From the listing below, copy only the lines running from the line that contains "Lever du soleil" to the line that contains "NY Aquarium - On", both included.

--- RECORDED INFORMATION ---
######

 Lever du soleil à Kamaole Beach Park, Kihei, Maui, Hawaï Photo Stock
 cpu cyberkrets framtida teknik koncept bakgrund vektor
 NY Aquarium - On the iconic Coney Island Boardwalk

######

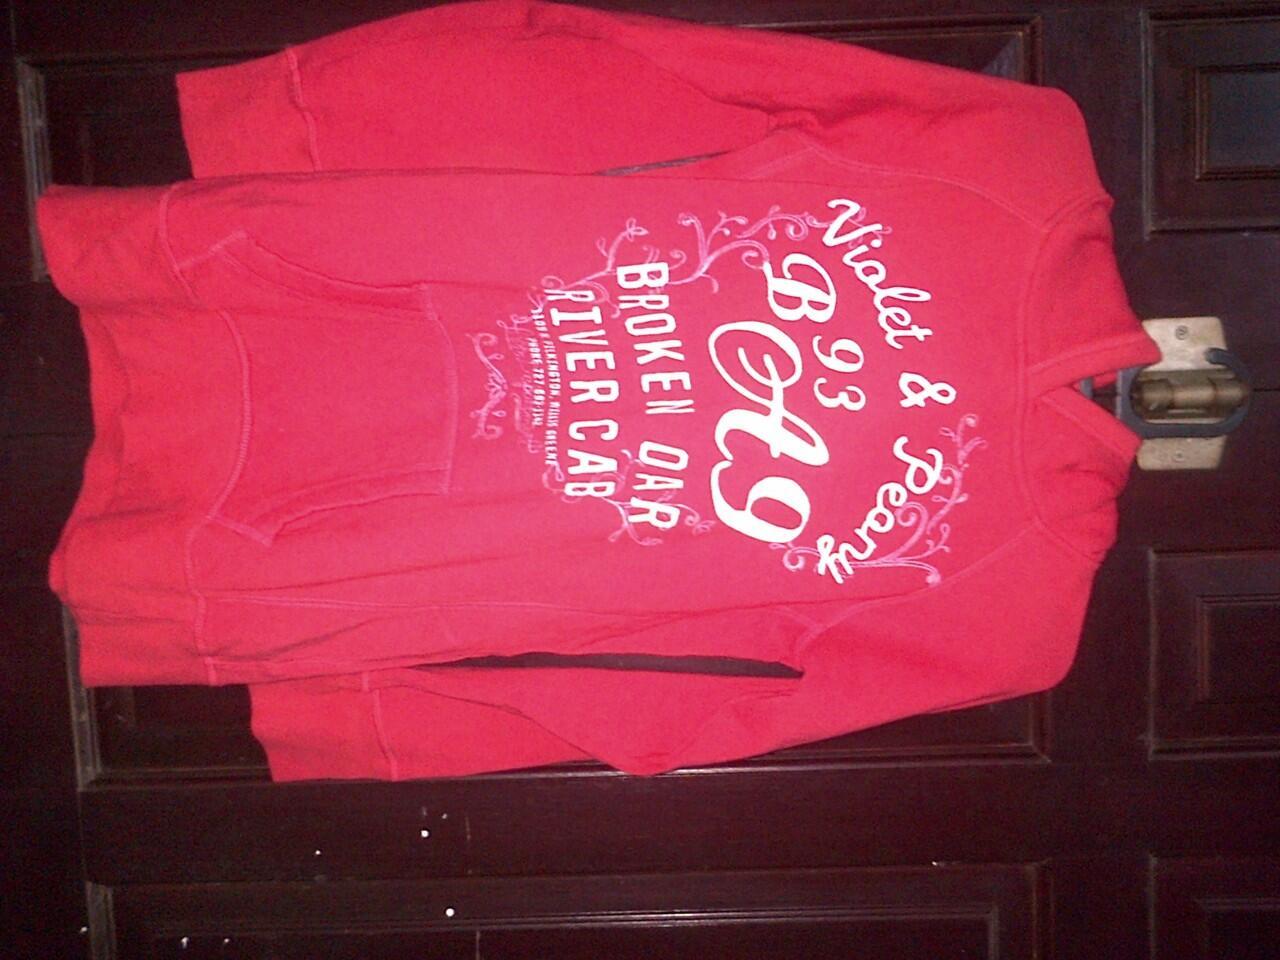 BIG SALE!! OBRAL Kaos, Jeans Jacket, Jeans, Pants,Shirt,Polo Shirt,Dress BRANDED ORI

######

--- THE ANSWER ---
 Lever du soleil à Kamaole Beach Park, Kihei, Maui, Hawaï Photo Stock
 cpu cyberkrets framtida teknik koncept bakgrund vektor
 NY Aquarium - On the iconic Coney Island Boardwalk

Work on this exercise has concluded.